### STORED DATA:
=== Begin Enclosure ===

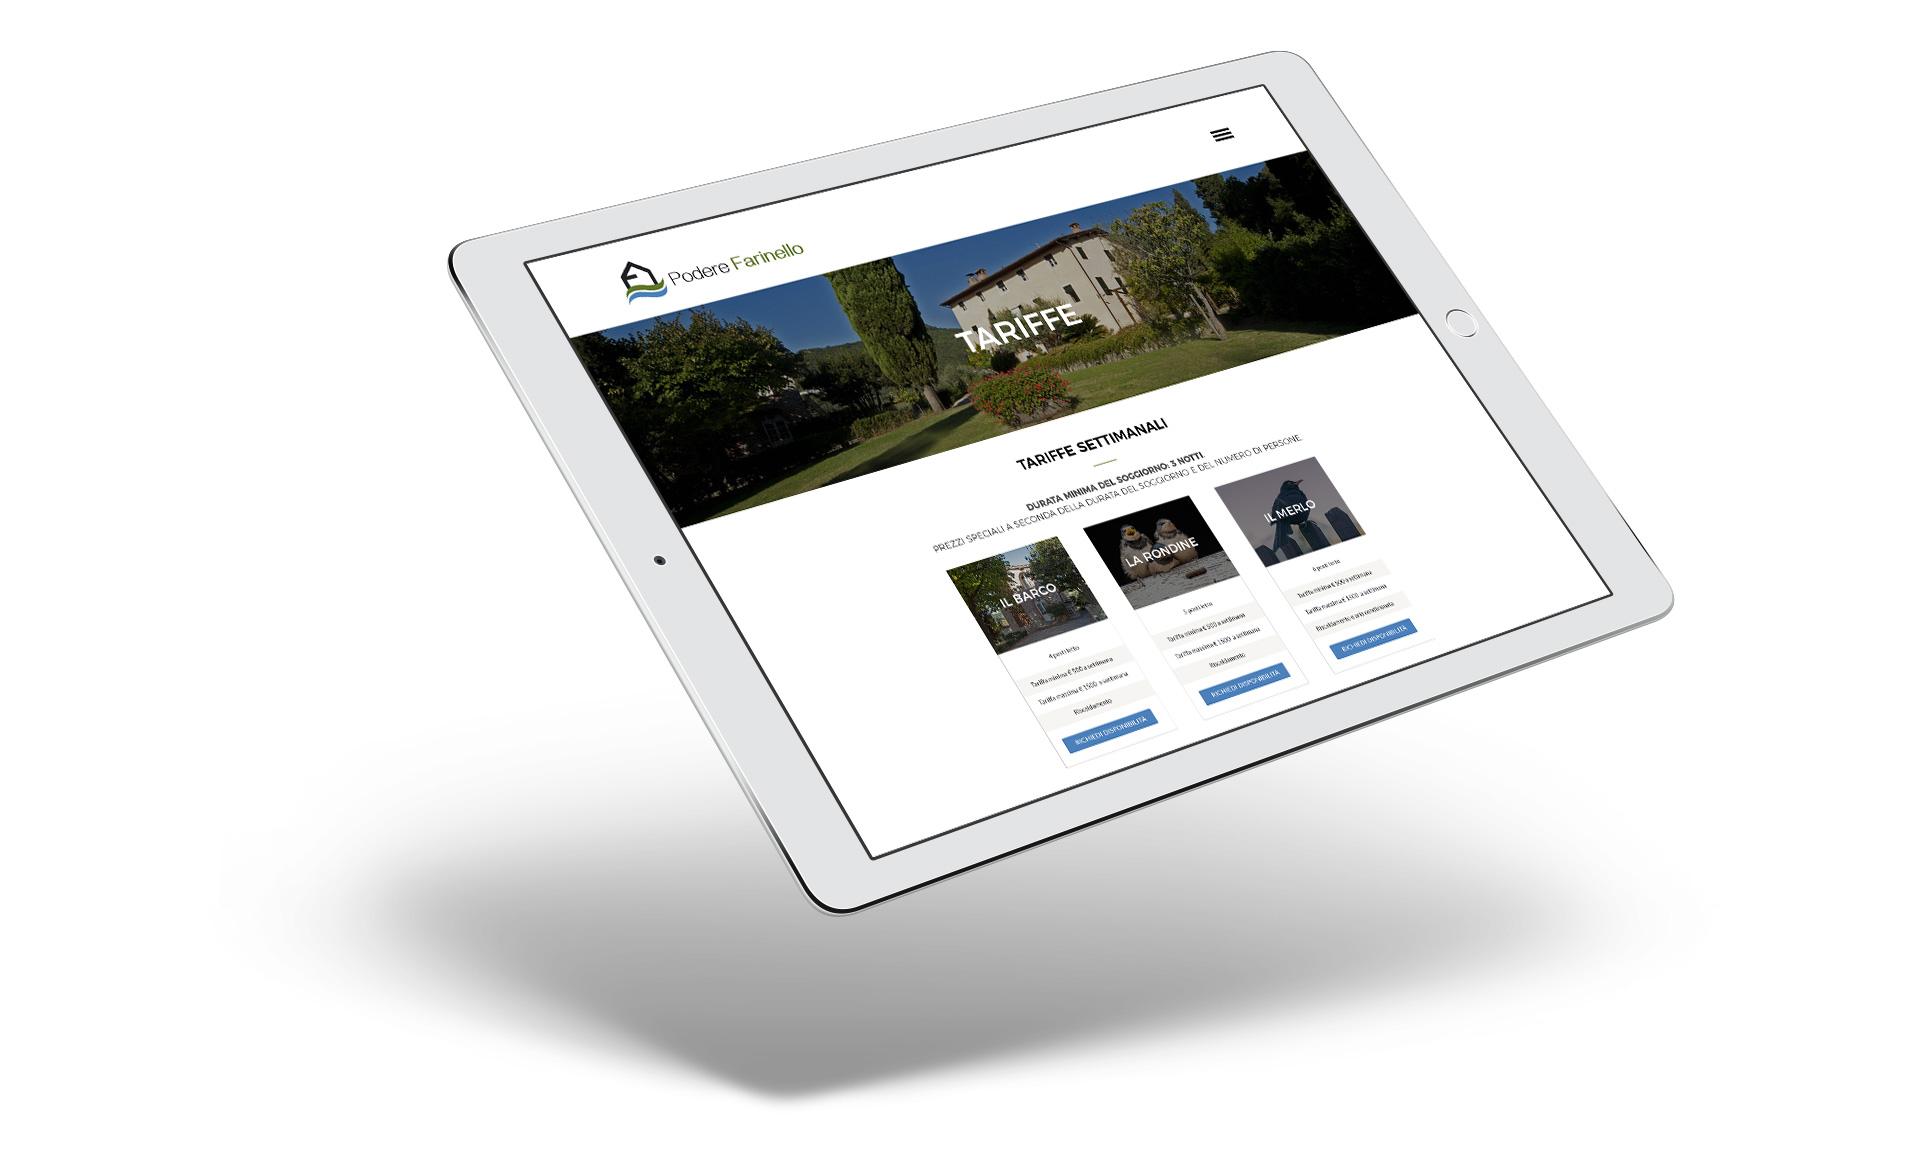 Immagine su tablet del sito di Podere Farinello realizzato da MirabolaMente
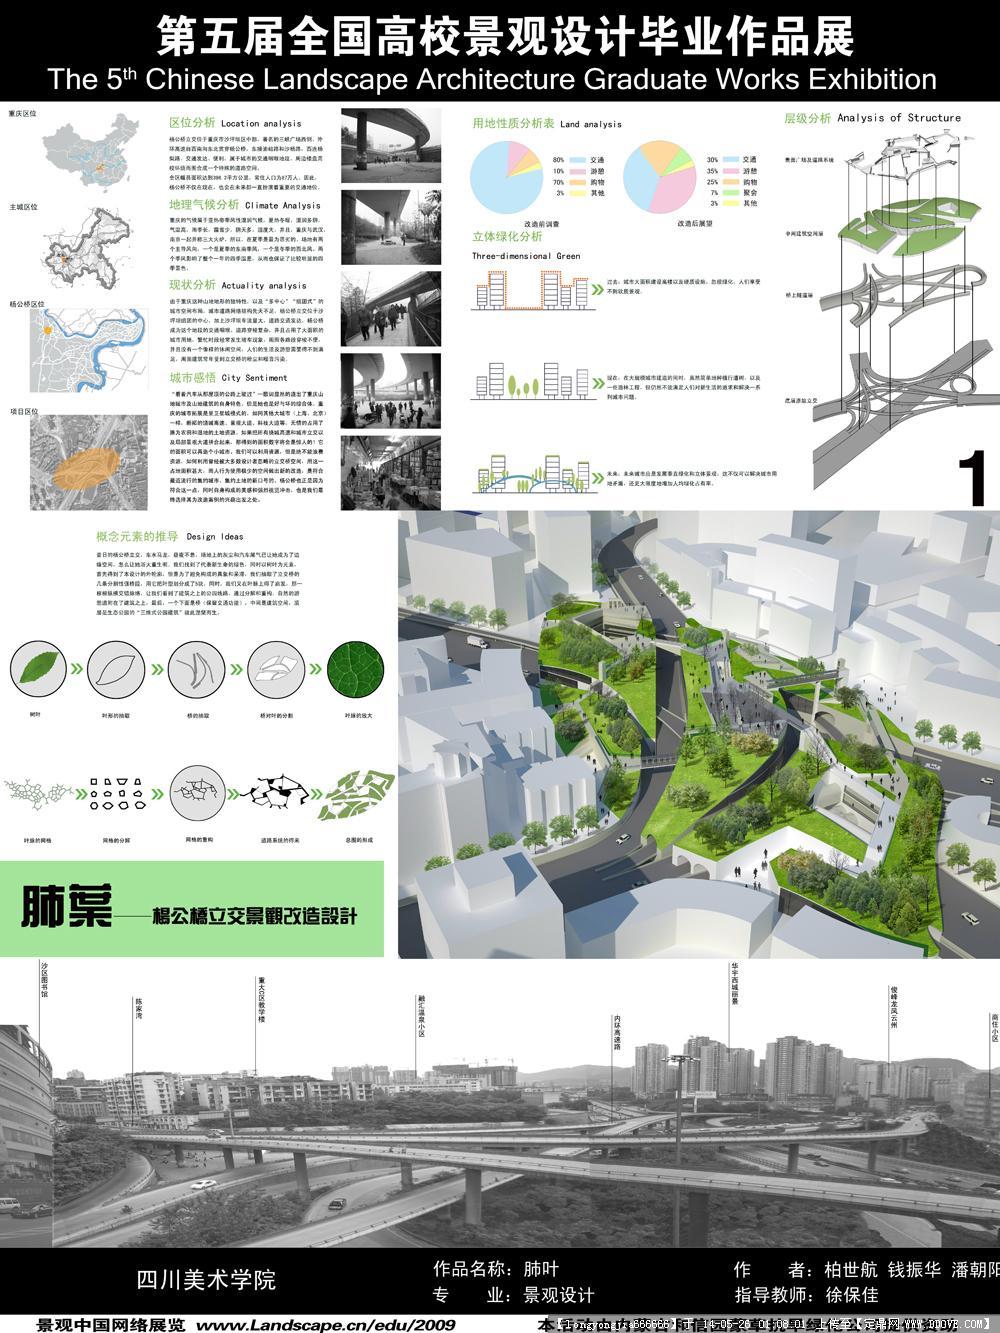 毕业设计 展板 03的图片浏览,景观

=== End Enclosure ===
=== Begin Enclosure ===

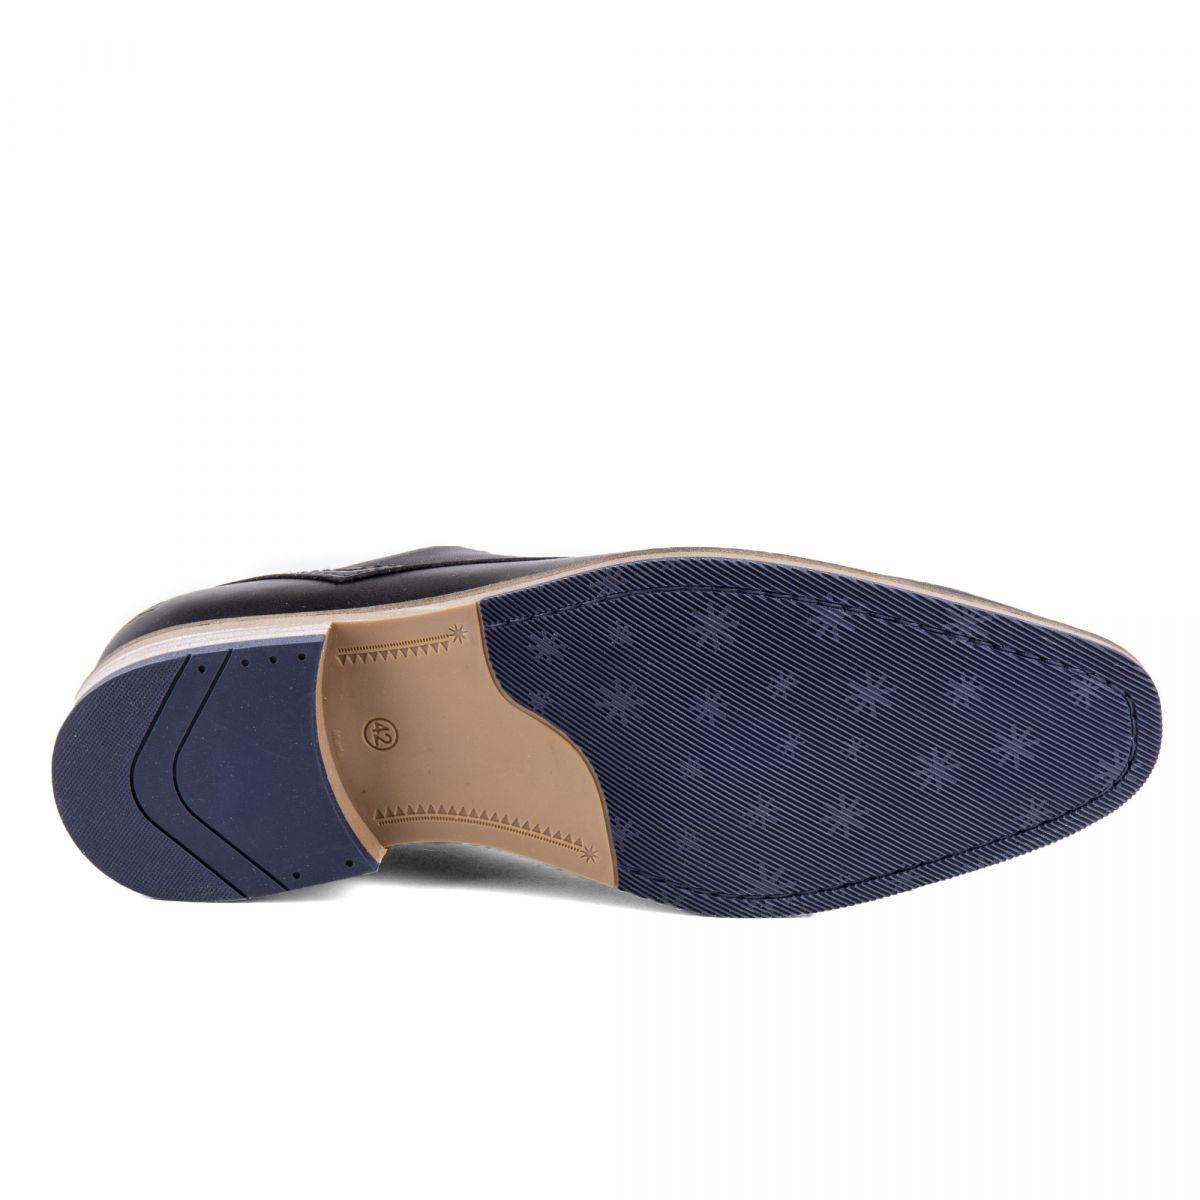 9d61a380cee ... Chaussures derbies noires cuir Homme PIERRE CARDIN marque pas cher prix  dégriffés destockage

=== End Enclosure ===

### WORK REQUIRED:
Exactly the lines above, from the one containing "Immagine su tablet" down to the one containing "毕业设计 展板 03的图片浏览,景观", are to be repeated, including both ends. Pictures are not part of the copy.

### ANSWER AREA:
 Immagine su tablet del sito di Podere Farinello realizzato da MirabolaMente
 毕业设计 展板 03的图片浏览,景观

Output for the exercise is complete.